With the exclusive distribution in Belgium of the product lines of :

R - Biopharm AG   www.r-biopharm.de


 

 Also Fapas  www.fapas.com

 

 

 And    DSM    -   Rotronic

 

 

 

 

 

 

 

 

 

 

 

 

 

 

 

 

 

 

 

 

 

 

DHEA Elisa                  

BL-47-E

For in vitro diagnostic use only

 

1       Introduction

Dehydroepiandoresterone (DHEA; androstenolone; 3b-hydroxy-5-androsten-17-one) is a C19 steroid produced in the adrenal cortex and, to a lesser extent, gonads. DHEA serves as a precursor in testosterone and estrogen synthesis. Due to the presence of a 17-oxo (rather than hydroxyl) group, DHEA has relatively weak androgenic activity, which has been estimated at ~10% that of testosterone. However in neonates, peripubertal children and in adult women, circulating DHEA levels may be several-fold higher than testosterone concentrations, and rapid peripheral tissue conversion to more potent androgens (androstenedione and testosterone) and estrogens may occur. Moreover, DHEA has relatively low affinity for sex-hormone binding globulin. These factors may enhance the physiologic biopotency of DHEA.

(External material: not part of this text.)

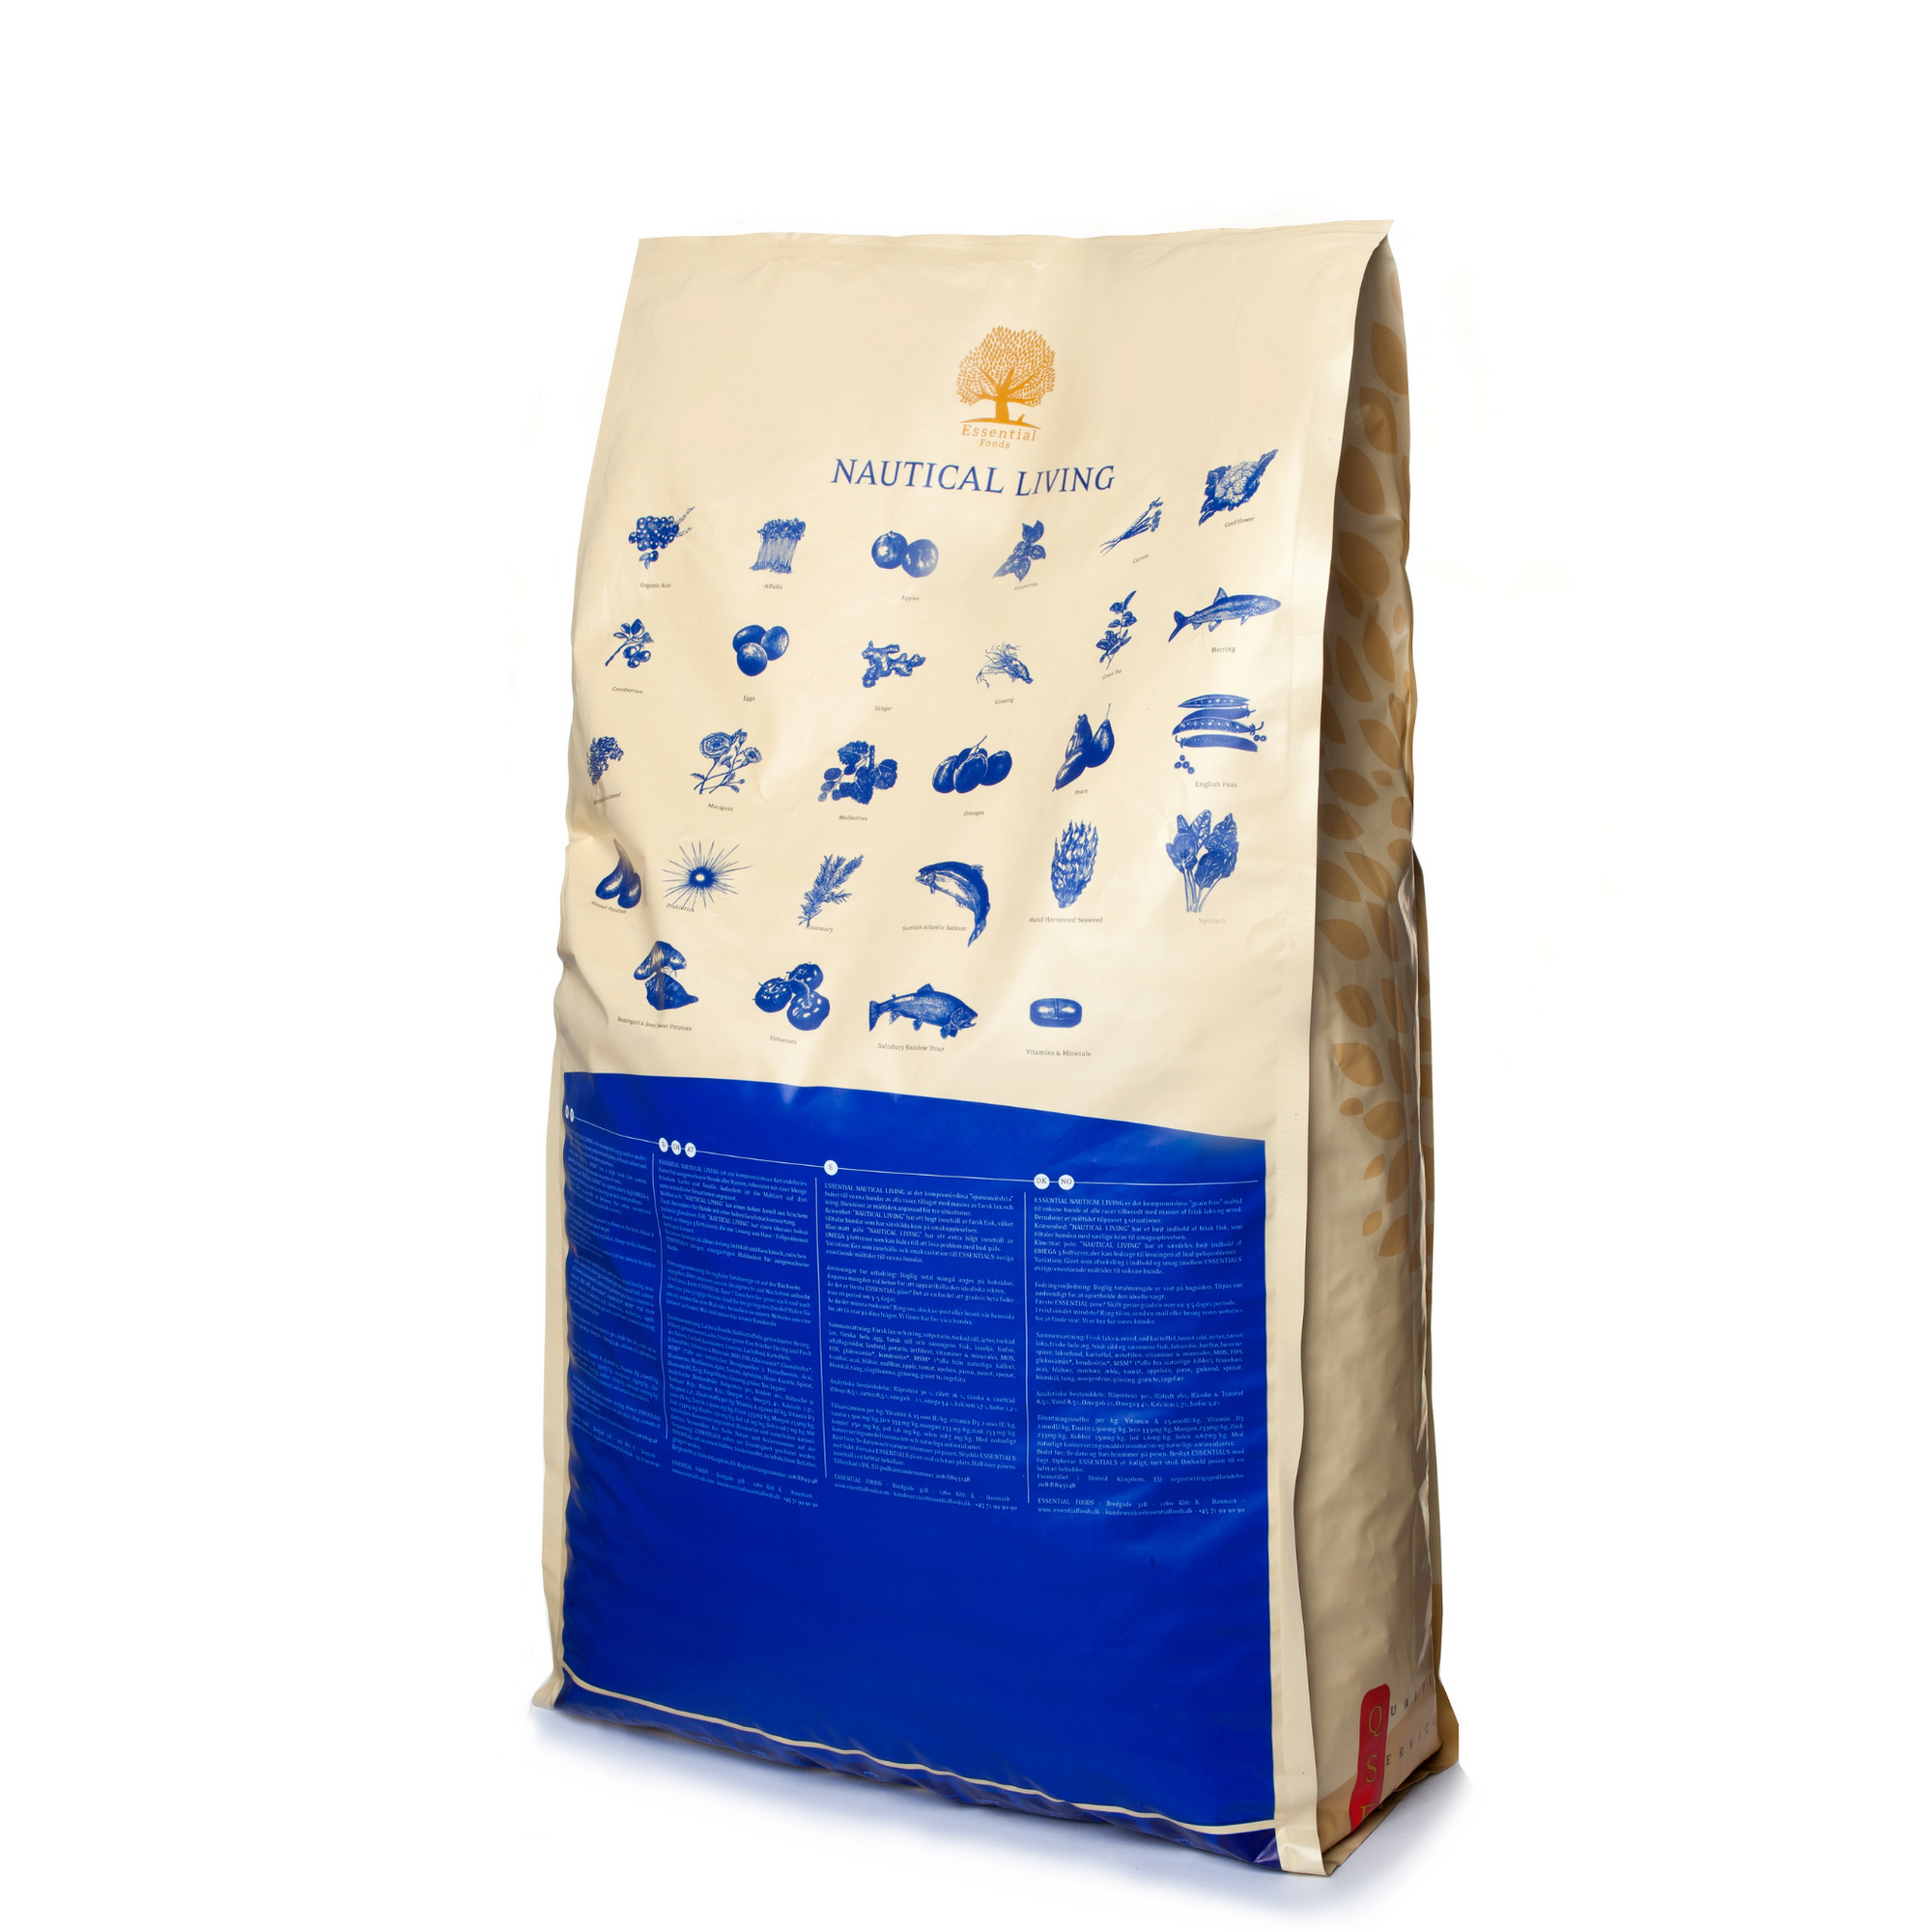 77% Scottish salmon, trout, herring, seasonal fish, eggs Super premium grainless food for adult dogs weighing over 15kg NAUTICAL LIVING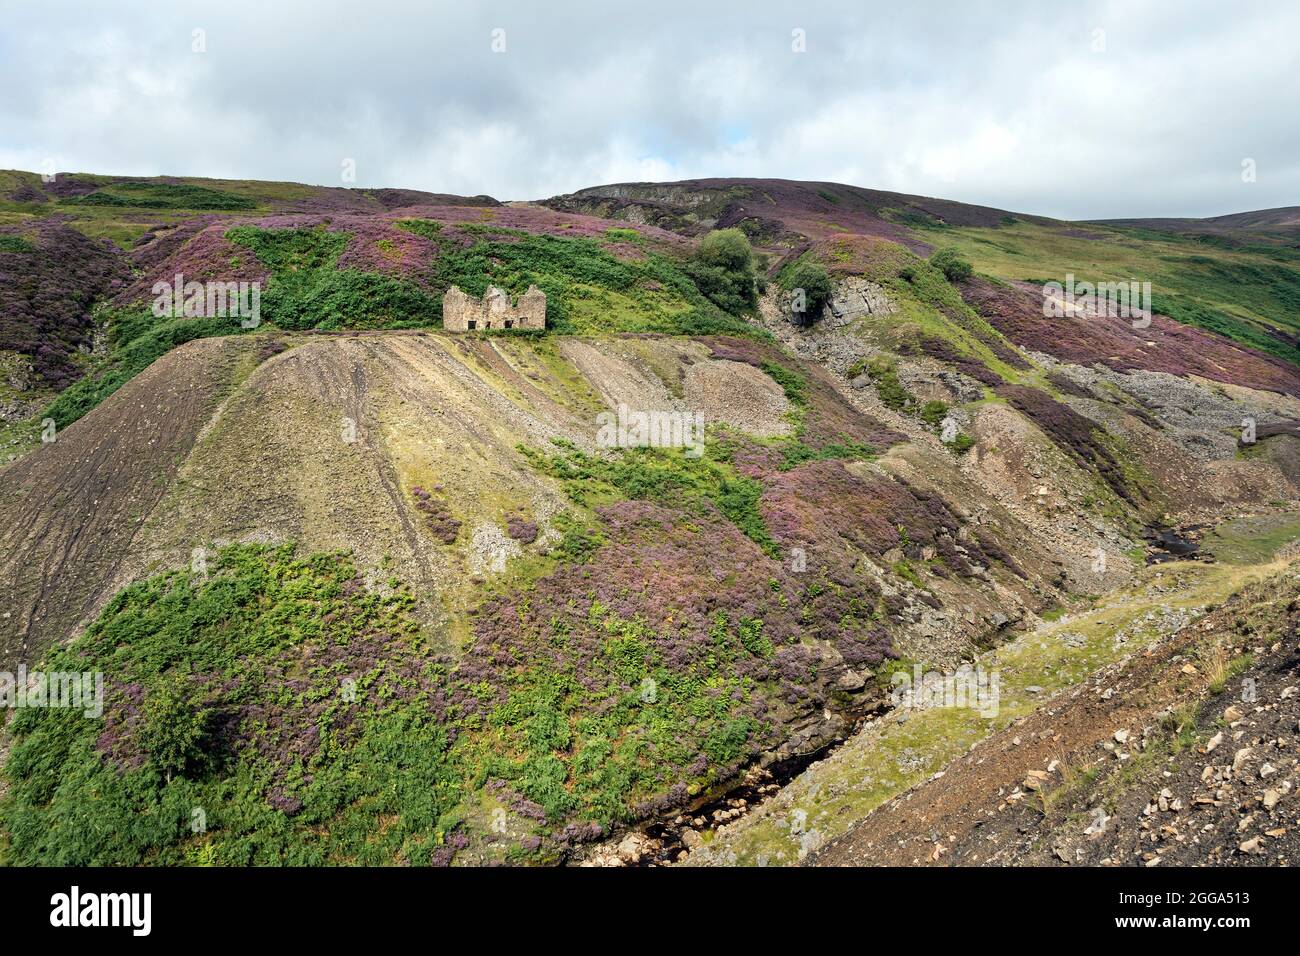 Nature Slowly Reclaiming the Industrial Landscape Surrounding the Bunton Mine in Gunnerside Gill, Swaledale, Yorkshire Dales, UK Stock Photo

The physiologic role of DHEA has not been conclusively defined. A variety of in vitro effects, including antiproliferative effects in different cell lines and effects on enzyme-mediated cell metabolism, have been reported. In vivo studies suggest that DHEA may affect cholesterol and lipid metabolism, insulin sensitivity and secretion and immune function. Abnormal DHEA levels have been reported in schizophrenia and obesity. Therapeutic administration of DHEA has been proposed for several conditions, including obesity and cardiovascular disease.

Serum DHEA levels are relatively high in the fetus and neonate, low during childhood, and increase during puberty. Increased levels of DHEA during adrenarche may contribute to the development of secondary sexual hair. Serum DHEA levels progressively decline after the third decade of life. No consistent changes in serum DHEA levels occur during the menstrual cycle or pregnancy; however, parity may lower serum DHEA levels in premenopausal women.

DHEA has a rapid metabolic clearance rate as compared to its sulfated conjugate, DHEA-S. Because of this, serum DHEA levels are 100-1000 fold lower than DHEA-S levels. In addition, serum DHEA levels show significant diurnal variation which is dependent on adrenocorticotrophic hormone (ACTH). Serum DHEA levels increase in response to exogenous ACTH administration.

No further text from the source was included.